__Source data__:
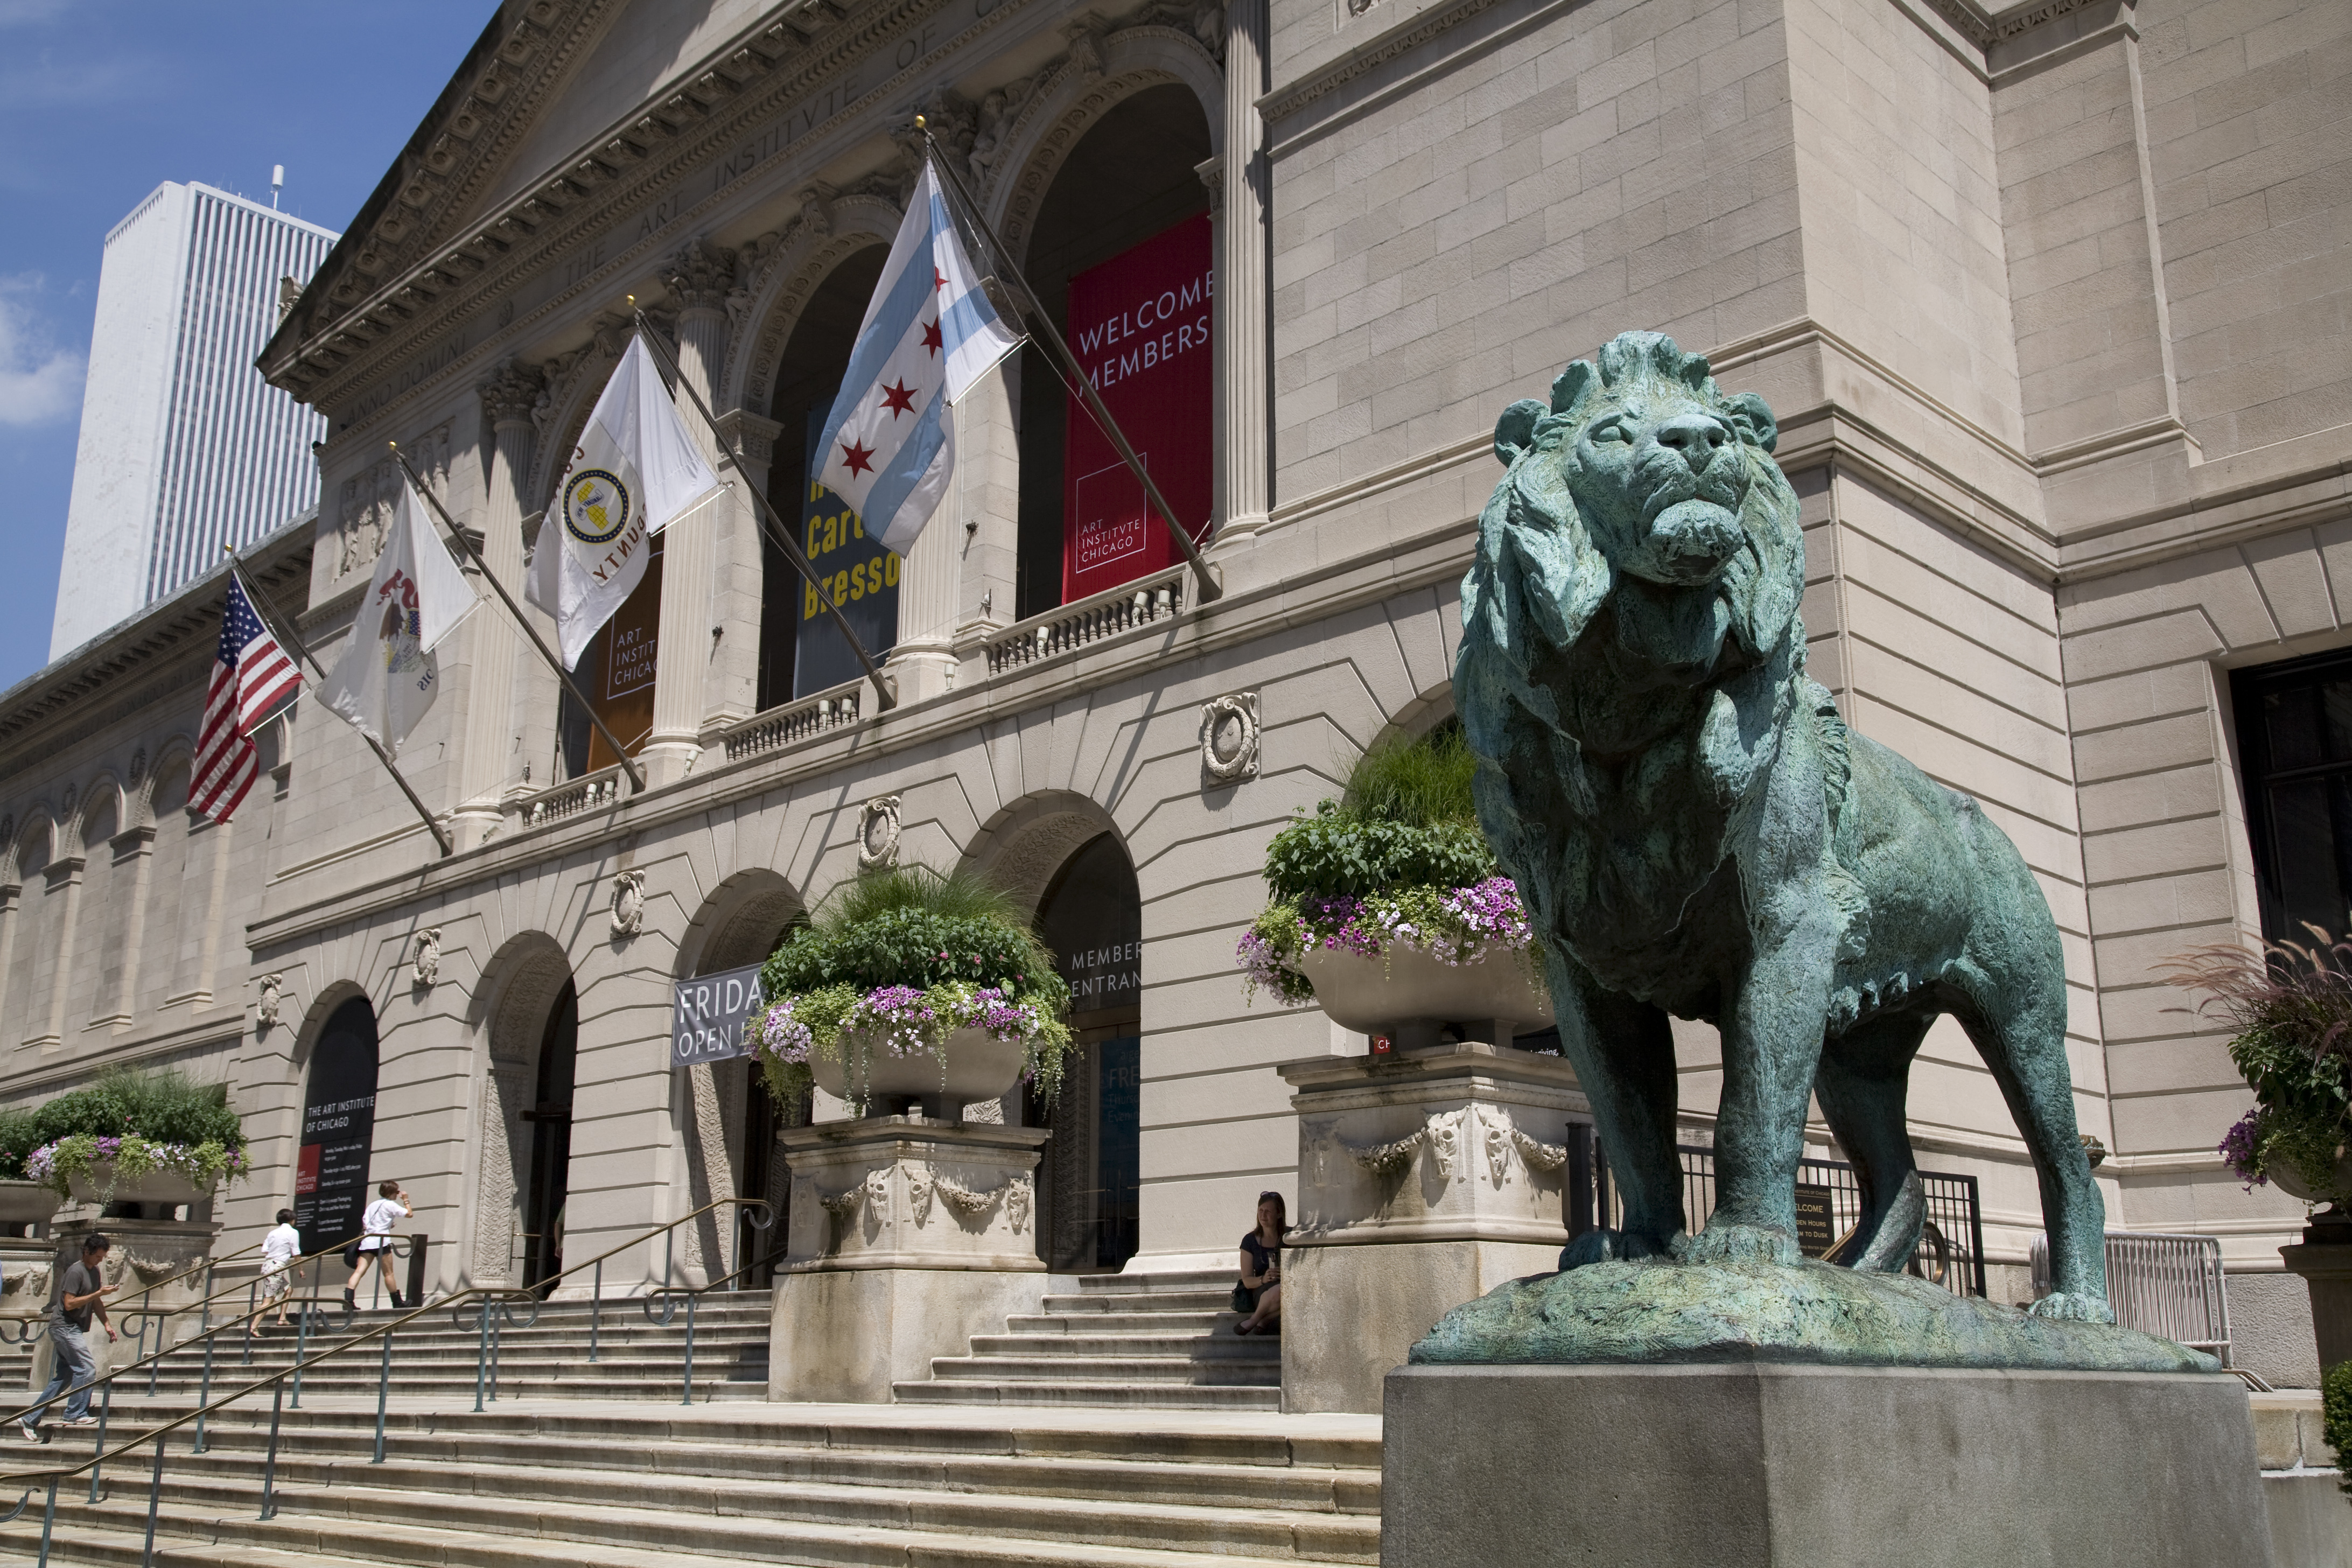 TripAdvisor Best Museums in World: Chicago Art Institute, Getty Center
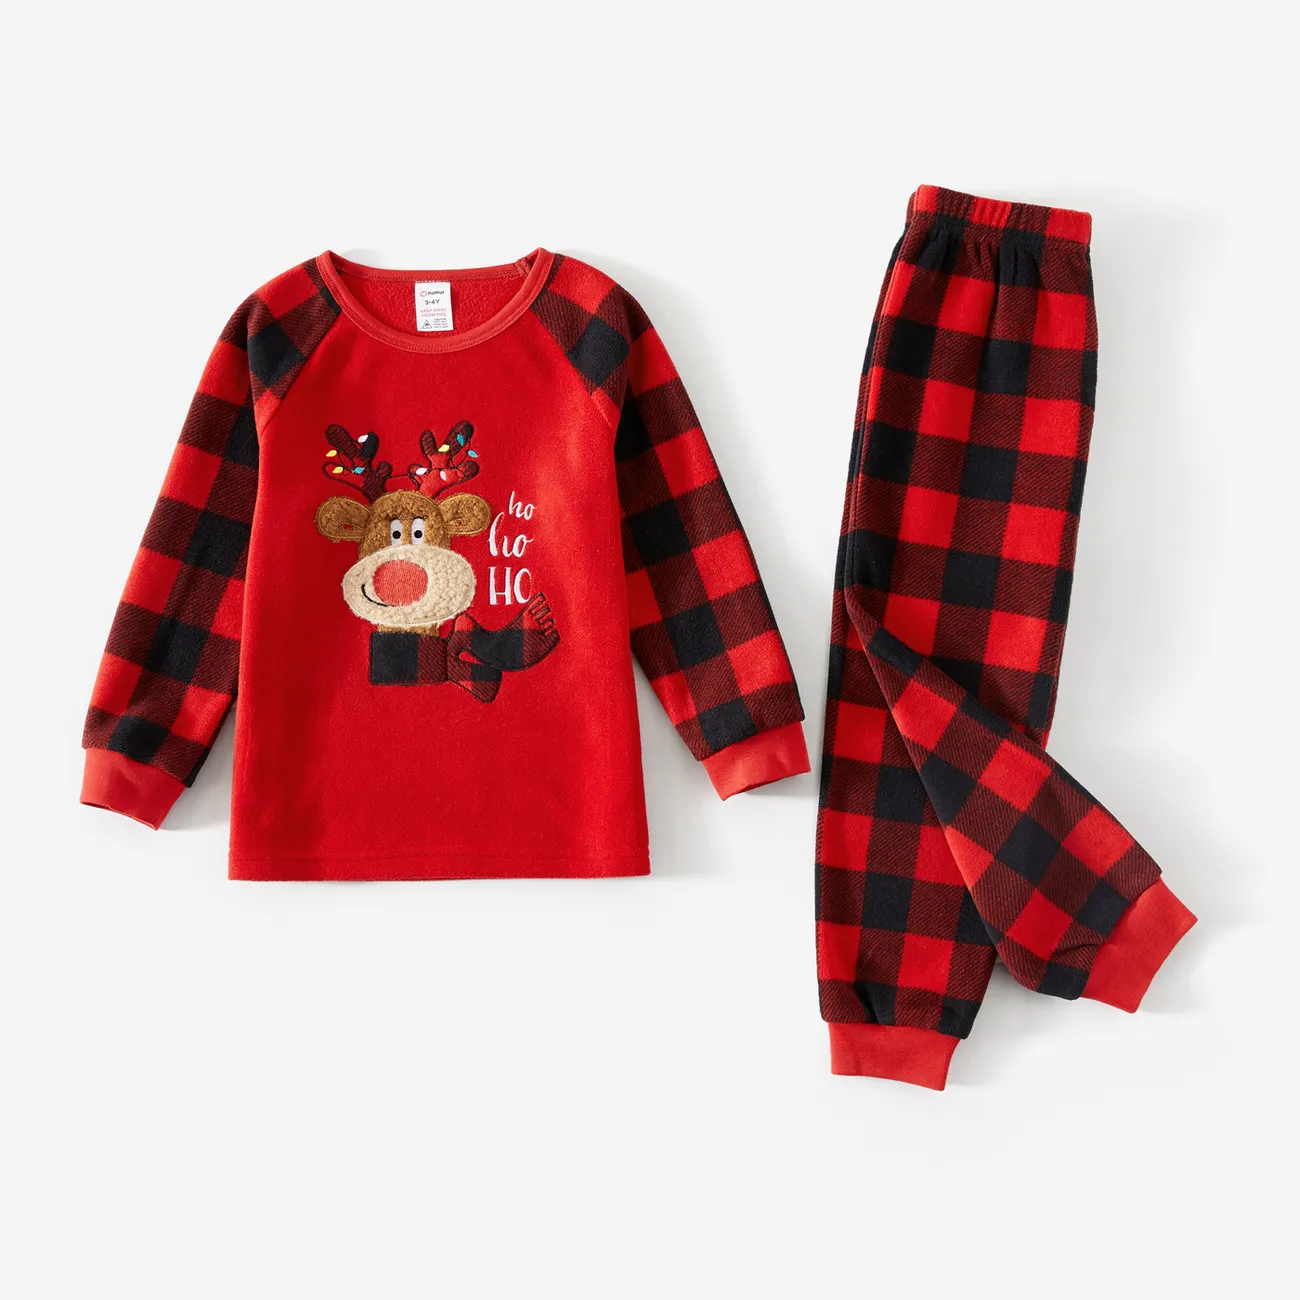 Weihnachten Familien-Looks Langärmelig Familien-Outfits Pyjamas (Flame Resistant) rot schwarz big image 1
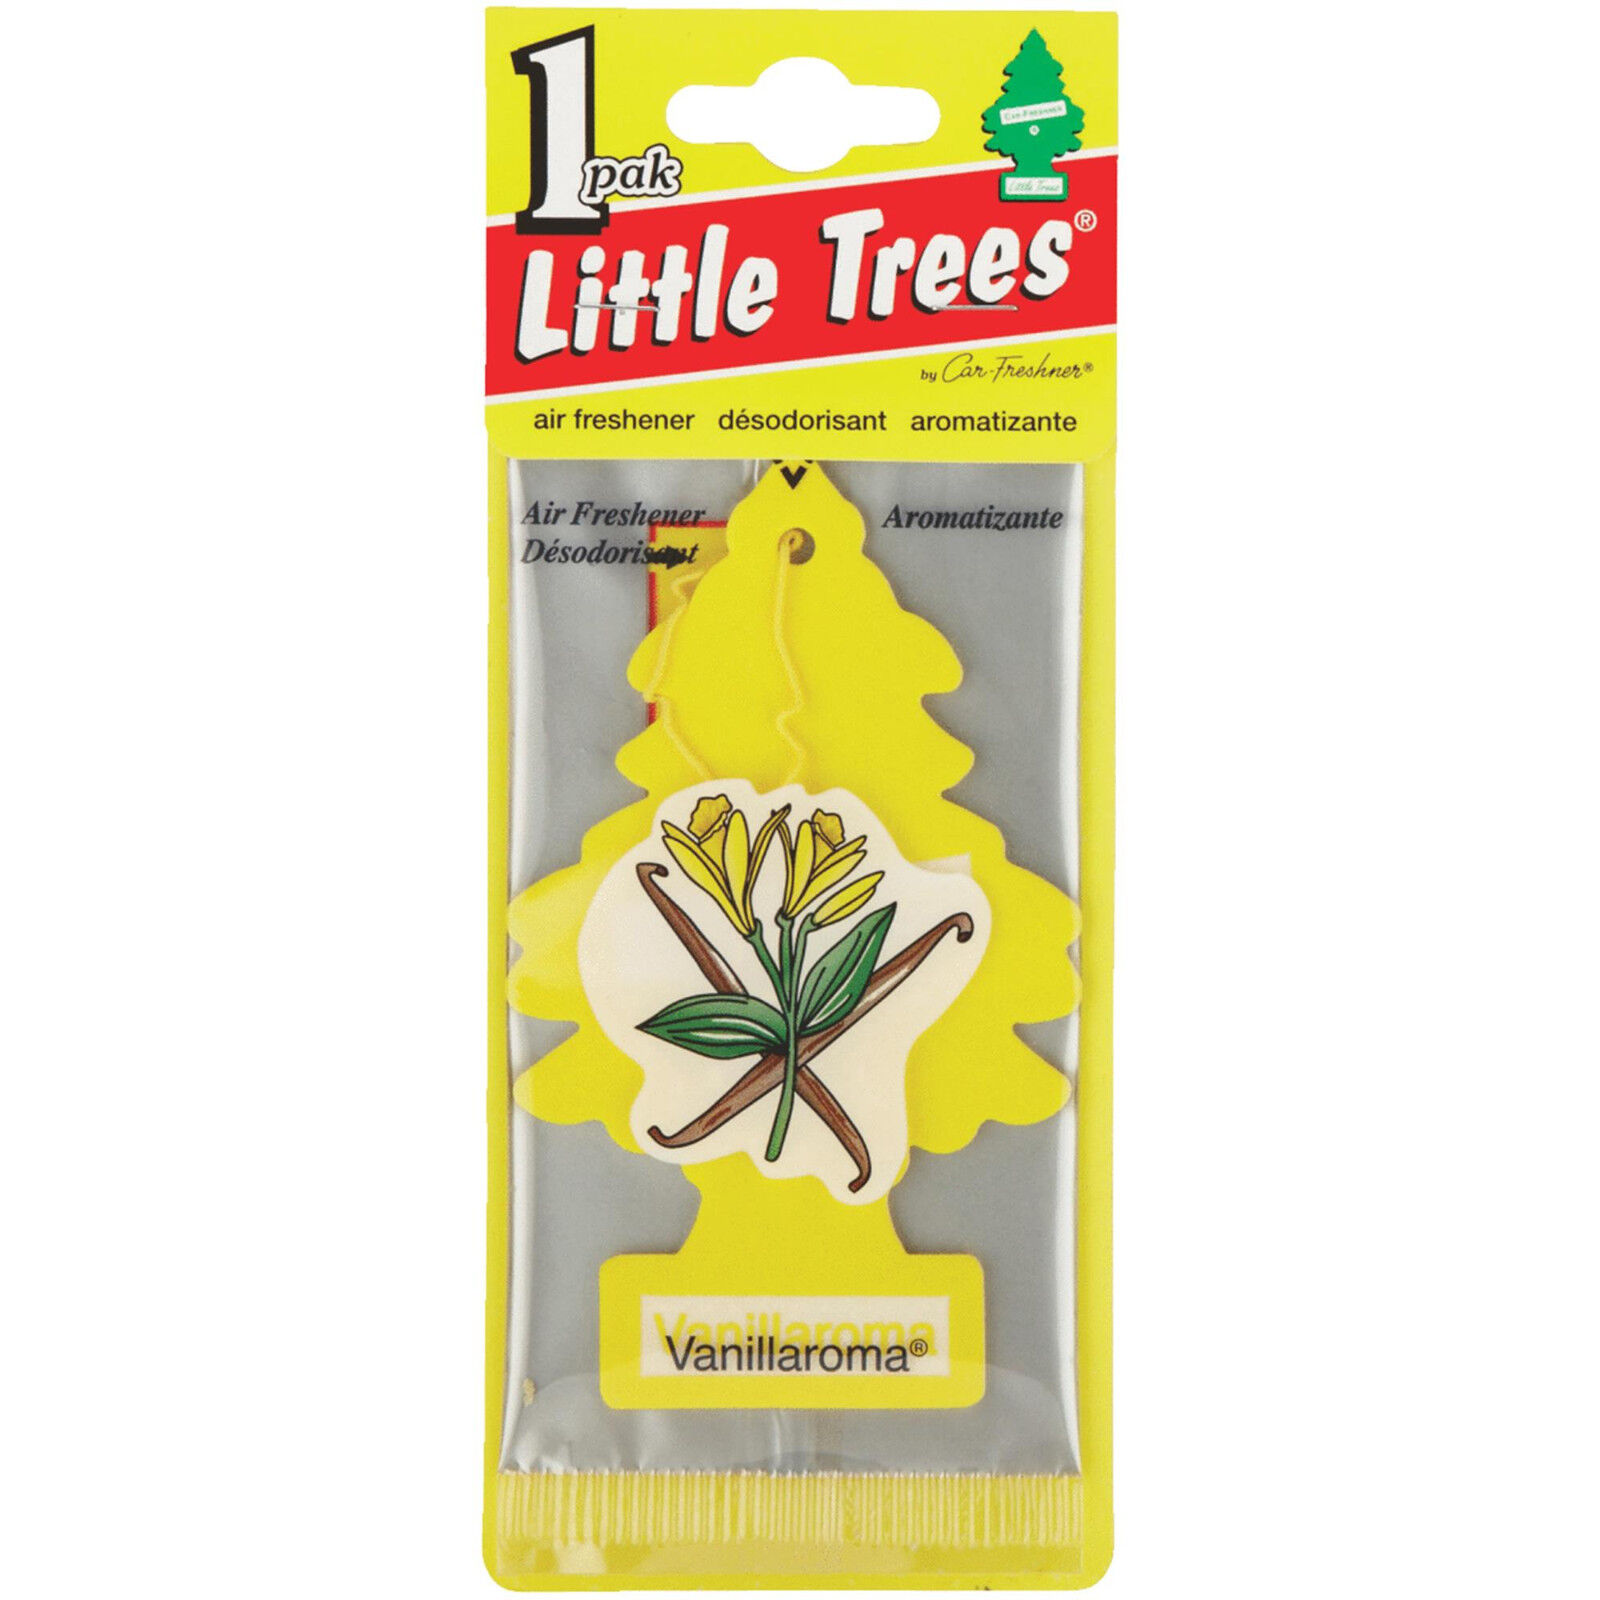  Freshener Vanillaroma  10105 Little Tree Vanilla Aroma  MADE IN USA Pack (24)  Little Trees U1P-10105 - фотография #9

__Exercise prompt__:
Working from the material above, transcribe it exactly while omitting pictures.

__Output for this exercise__:
 TripAdvisor Best Museums in World: Chicago Art Institute, Getty Center
 Weihnachten Familien-Looks Langärmelig Familien-Outfits Pyjamas (Flame Resistant) rot schwarz big image 1
  Freshener Vanillaroma  10105 Little Tree Vanilla Aroma  MADE IN USA Pack (24)  Little Trees U1P-10105 - фотография #9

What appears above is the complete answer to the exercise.